YOUR INSTRUCTIONS
Output an exact reproduction of the data.

Data excerpts

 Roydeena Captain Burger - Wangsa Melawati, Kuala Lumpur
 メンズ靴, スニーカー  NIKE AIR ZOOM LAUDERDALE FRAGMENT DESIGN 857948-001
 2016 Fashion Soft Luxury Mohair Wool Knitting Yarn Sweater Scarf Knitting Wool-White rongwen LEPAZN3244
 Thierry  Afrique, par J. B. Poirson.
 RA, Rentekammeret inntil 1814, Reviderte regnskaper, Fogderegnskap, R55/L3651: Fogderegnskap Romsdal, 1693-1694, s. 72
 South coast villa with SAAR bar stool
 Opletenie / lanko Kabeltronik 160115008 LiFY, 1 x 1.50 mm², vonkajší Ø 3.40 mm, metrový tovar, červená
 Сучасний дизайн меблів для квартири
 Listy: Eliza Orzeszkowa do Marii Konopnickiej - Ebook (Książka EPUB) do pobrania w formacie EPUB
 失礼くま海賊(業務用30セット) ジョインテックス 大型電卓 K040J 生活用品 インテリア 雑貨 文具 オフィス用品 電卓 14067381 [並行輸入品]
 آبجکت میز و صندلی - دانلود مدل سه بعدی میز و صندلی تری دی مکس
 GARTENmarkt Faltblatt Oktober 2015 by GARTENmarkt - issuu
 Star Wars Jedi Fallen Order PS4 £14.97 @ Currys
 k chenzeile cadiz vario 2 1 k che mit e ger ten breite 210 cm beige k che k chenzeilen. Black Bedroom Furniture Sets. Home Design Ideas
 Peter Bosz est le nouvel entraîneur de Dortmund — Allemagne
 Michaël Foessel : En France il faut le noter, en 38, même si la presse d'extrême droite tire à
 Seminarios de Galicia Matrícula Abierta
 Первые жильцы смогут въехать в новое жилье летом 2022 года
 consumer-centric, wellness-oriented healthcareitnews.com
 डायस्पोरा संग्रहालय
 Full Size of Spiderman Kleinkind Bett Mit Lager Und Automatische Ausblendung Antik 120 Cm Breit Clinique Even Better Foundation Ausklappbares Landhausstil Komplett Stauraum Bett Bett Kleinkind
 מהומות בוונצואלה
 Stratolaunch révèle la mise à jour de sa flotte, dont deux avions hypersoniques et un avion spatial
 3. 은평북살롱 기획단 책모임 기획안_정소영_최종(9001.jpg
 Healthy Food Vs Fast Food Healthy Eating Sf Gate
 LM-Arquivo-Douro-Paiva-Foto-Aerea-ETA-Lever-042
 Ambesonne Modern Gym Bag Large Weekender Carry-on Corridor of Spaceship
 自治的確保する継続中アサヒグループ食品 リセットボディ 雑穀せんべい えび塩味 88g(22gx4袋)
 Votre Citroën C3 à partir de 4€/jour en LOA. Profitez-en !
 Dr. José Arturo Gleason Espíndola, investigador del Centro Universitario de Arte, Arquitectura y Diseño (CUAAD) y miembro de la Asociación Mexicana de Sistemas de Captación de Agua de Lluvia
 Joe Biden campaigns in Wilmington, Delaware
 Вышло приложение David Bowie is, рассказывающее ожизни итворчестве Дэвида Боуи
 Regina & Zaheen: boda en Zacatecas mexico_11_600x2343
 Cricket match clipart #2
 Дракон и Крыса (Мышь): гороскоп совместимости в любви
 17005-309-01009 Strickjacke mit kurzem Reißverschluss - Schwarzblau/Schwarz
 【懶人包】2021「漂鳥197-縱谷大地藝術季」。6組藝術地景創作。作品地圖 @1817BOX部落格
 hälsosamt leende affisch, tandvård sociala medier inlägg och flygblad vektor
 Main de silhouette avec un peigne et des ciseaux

ANSWER FOR THE TASK
 Roydeena Captain Burger - Wangsa Melawati, Kuala Lumpur
 メンズ靴, スニーカー  NIKE AIR ZOOM LAUDERDALE FRAGMENT DESIGN 857948-001
 2016 Fashion Soft Luxury Mohair Wool Knitting Yarn Sweater Scarf Knitting Wool-White rongwen LEPAZN3244
 Thierry  Afrique, par J. B. Poirson.
 RA, Rentekammeret inntil 1814, Reviderte regnskaper, Fogderegnskap, R55/L3651: Fogderegnskap Romsdal, 1693-1694, s. 72
 South coast villa with SAAR bar stool
 Opletenie / lanko Kabeltronik 160115008 LiFY, 1 x 1.50 mm², vonkajší Ø 3.40 mm, metrový tovar, červená
 Сучасний дизайн меблів для квартири
 Listy: Eliza Orzeszkowa do Marii Konopnickiej - Ebook (Książka EPUB) do pobrania w formacie EPUB
 失礼くま海賊(業務用30セット) ジョインテックス 大型電卓 K040J 生活用品 インテリア 雑貨 文具 オフィス用品 電卓 14067381 [並行輸入品]
 آبجکت میز و صندلی - دانلود مدل سه بعدی میز و صندلی تری دی مکس
 GARTENmarkt Faltblatt Oktober 2015 by GARTENmarkt - issuu
 Star Wars Jedi Fallen Order PS4 £14.97 @ Currys
 k chenzeile cadiz vario 2 1 k che mit e ger ten breite 210 cm beige k che k chenzeilen. Black Bedroom Furniture Sets. Home Design Ideas
 Peter Bosz est le nouvel entraîneur de Dortmund — Allemagne
 Michaël Foessel : En France il faut le noter, en 38, même si la presse d'extrême droite tire à
 Seminarios de Galicia Matrícula Abierta
 Первые жильцы смогут въехать в новое жилье летом 2022 года
 consumer-centric, wellness-oriented healthcareitnews.com
 डायस्पोरा संग्रहालय
 Full Size of Spiderman Kleinkind Bett Mit Lager Und Automatische Ausblendung Antik 120 Cm Breit Clinique Even Better Foundation Ausklappbares Landhausstil Komplett Stauraum Bett Bett Kleinkind
 מהומות בוונצואלה
 Stratolaunch révèle la mise à jour de sa flotte, dont deux avions hypersoniques et un avion spatial
 3. 은평북살롱 기획단 책모임 기획안_정소영_최종(9001.jpg
 Healthy Food Vs Fast Food Healthy Eating Sf Gate
 LM-Arquivo-Douro-Paiva-Foto-Aerea-ETA-Lever-042
 Ambesonne Modern Gym Bag Large Weekender Carry-on Corridor of Spaceship
 自治的確保する継続中アサヒグループ食品 リセットボディ 雑穀せんべい えび塩味 88g(22gx4袋)
 Votre Citroën C3 à partir de 4€/jour en LOA. Profitez-en !
 Dr. José Arturo Gleason Espíndola, investigador del Centro Universitario de Arte, Arquitectura y Diseño (CUAAD) y miembro de la Asociación Mexicana de Sistemas de Captación de Agua de Lluvia
 Joe Biden campaigns in Wilmington, Delaware
 Вышло приложение David Bowie is, рассказывающее ожизни итворчестве Дэвида Боуи
 Regina & Zaheen: boda en Zacatecas mexico_11_600x2343
 Cricket match clipart #2
 Дракон и Крыса (Мышь): гороскоп совместимости в любви
 17005-309-01009 Strickjacke mit kurzem Reißverschluss - Schwarzblau/Schwarz
 【懶人包】2021「漂鳥197-縱谷大地藝術季」。6組藝術地景創作。作品地圖 @1817BOX部落格
 hälsosamt leende affisch, tandvård sociala medier inlägg och flygblad vektor
 Main de silhouette avec un peigne et des ciseaux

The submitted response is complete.